Addressing these issues is crucial to prevent breaches, maintain user trust, and ensure the ethical deployment of AI. Traditional security measures weren't designed with LLM-specific threats in mind. As these models become more sophisticated, we need specialised tools that can understand and analyse both user inputs and AI responses in context.
Introducing the Guardian Security Framework
This project demonstrates Granite Guardian’s capabilities through three core API endpoints built using FastAPI in Python. These endpoints provide practical solutions to common security risks and offer organizations a template for integrating similar safeguards into their LLM and RAG systems.
1. User Input Risk Analysis (user-risk)
Analyse user inputs for harmful content before forwarding them to the primary LLM.
Key Features:
- Risk Probability: Outputs a binary risk assessment (Yes/No) with a probability score (0-1).
- Logging and Alerts: Logs risky inputs in a database along with user details and triggers email notifications to admins.
- Applications: Prevents malicious usage such as data exfiltration, hate speech propagation, and unauthorised queries.
Real-World Impact: By monitoring and analysing risky behaviours, businesses can identify repeat offenders and take preventive actions like user warnings or account blocks.
2. AI Response Verification (ai-risk)
Evaluate the outputs of the main LLM to ensure responses are free from harmful or sensitive content.
Key Features:
- Similar to User Risk Detection, this endpoint logs flagged outputs and sends alerts to admins.
- Detects confidential information leakage or policy violations in LLM-generated responses.
Applications: Enhances the trustworthiness of AI systems in compliance-heavy sectors like finance, healthcare, and law.
3. Response Relevance Monitoring (relevance-risk)
Assess the relevance of LLM-generated responses to user queries.
Key Features:
- Logs irrelevant responses for analysis, without triggering alerts.
- Helps AI/ML engineers identify weak spots in model training and fine-tune for accuracy.

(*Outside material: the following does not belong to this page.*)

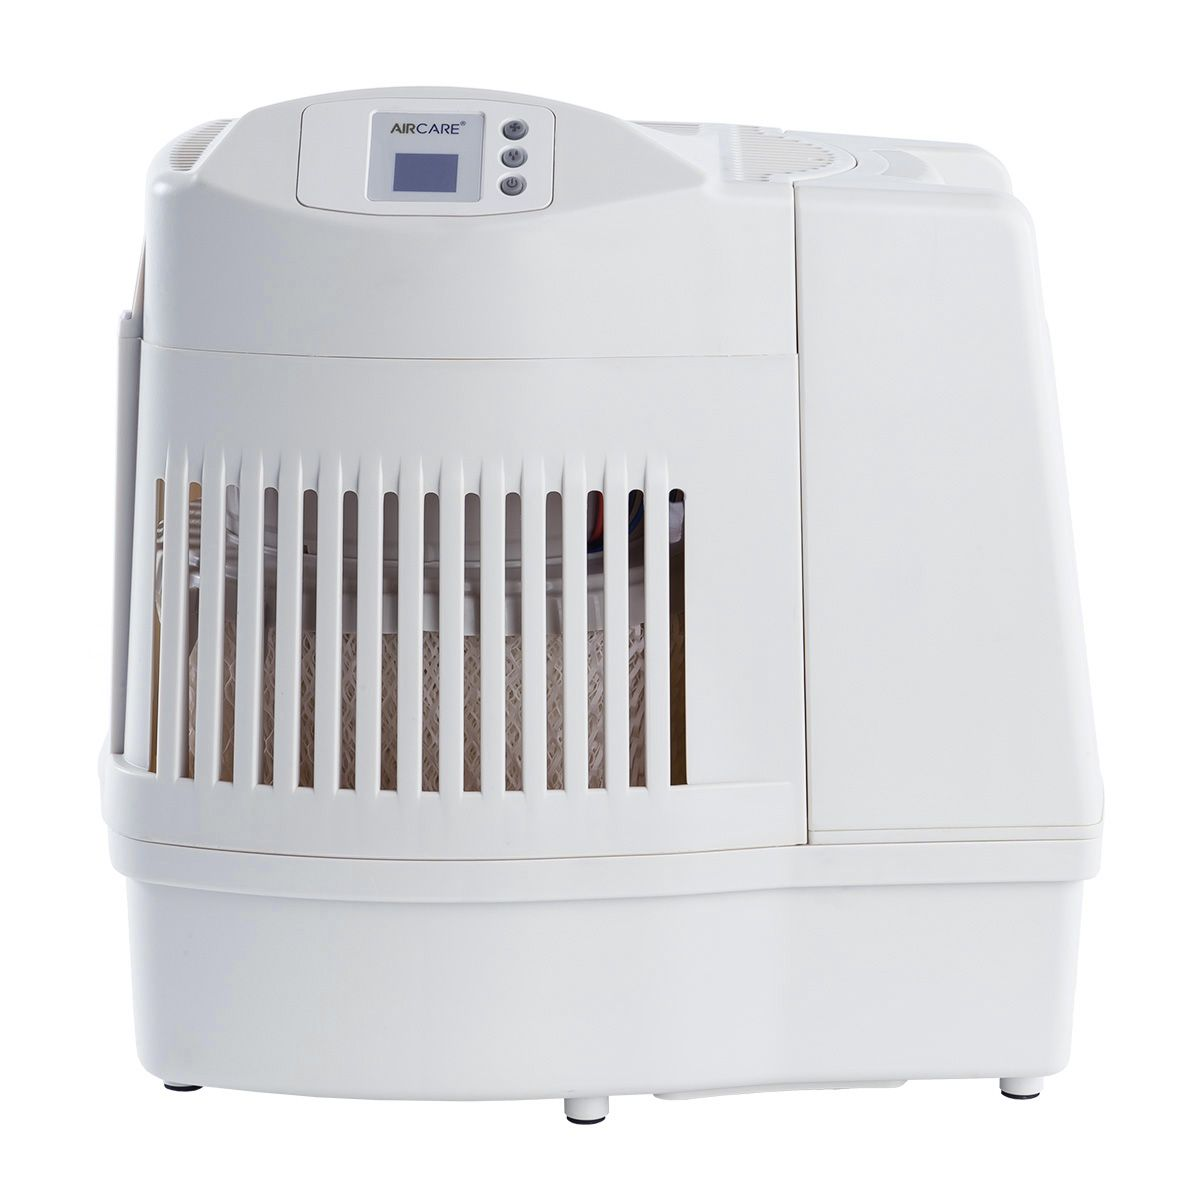 AIRCARE MA0800 Mini Console Humidifier for 2600 sq. ft. - White

Applications: Improves overall response quality in RAG systems, where relevance is critical for user satisfaction.
Technical Overview
This framework provides modular API endpoints that organizations can integrate into their existing LLM or RAG systems to mitigate risks and improve AI performance. You will need 3 parameters namely - a project or space id, an endpoint for your region, and an API key. You can visit the Developer Access page to receive these values.
Local Setup
Prerequisites - Python 3.12, SendGrid API Key (Optional - for email trigger)
To Setup the project locally:
- Download or setup the project locally using git from the GitHub repository.
- Setup a new python virtual environment in the folder.
- cd into the api folder and install poetry using the command - pip install poetry
- Run the following commands to install and start the server.
poetry install
uvicorn main:app --reload
The server would be available on - http://127.0.0.1:8000/
This will be the endpoint to communicate with the api.
Below is a detailed breakdown of the technical components of this project:
Framework and Backend
- FastAPI: The application utilises FastAPI for its high performance, intuitive API design, and support for asynchronous operations. This ensures efficient handling of requests and responses.
- Python: Python serves as the core programming language, enabling seamless integration of various libraries and tools.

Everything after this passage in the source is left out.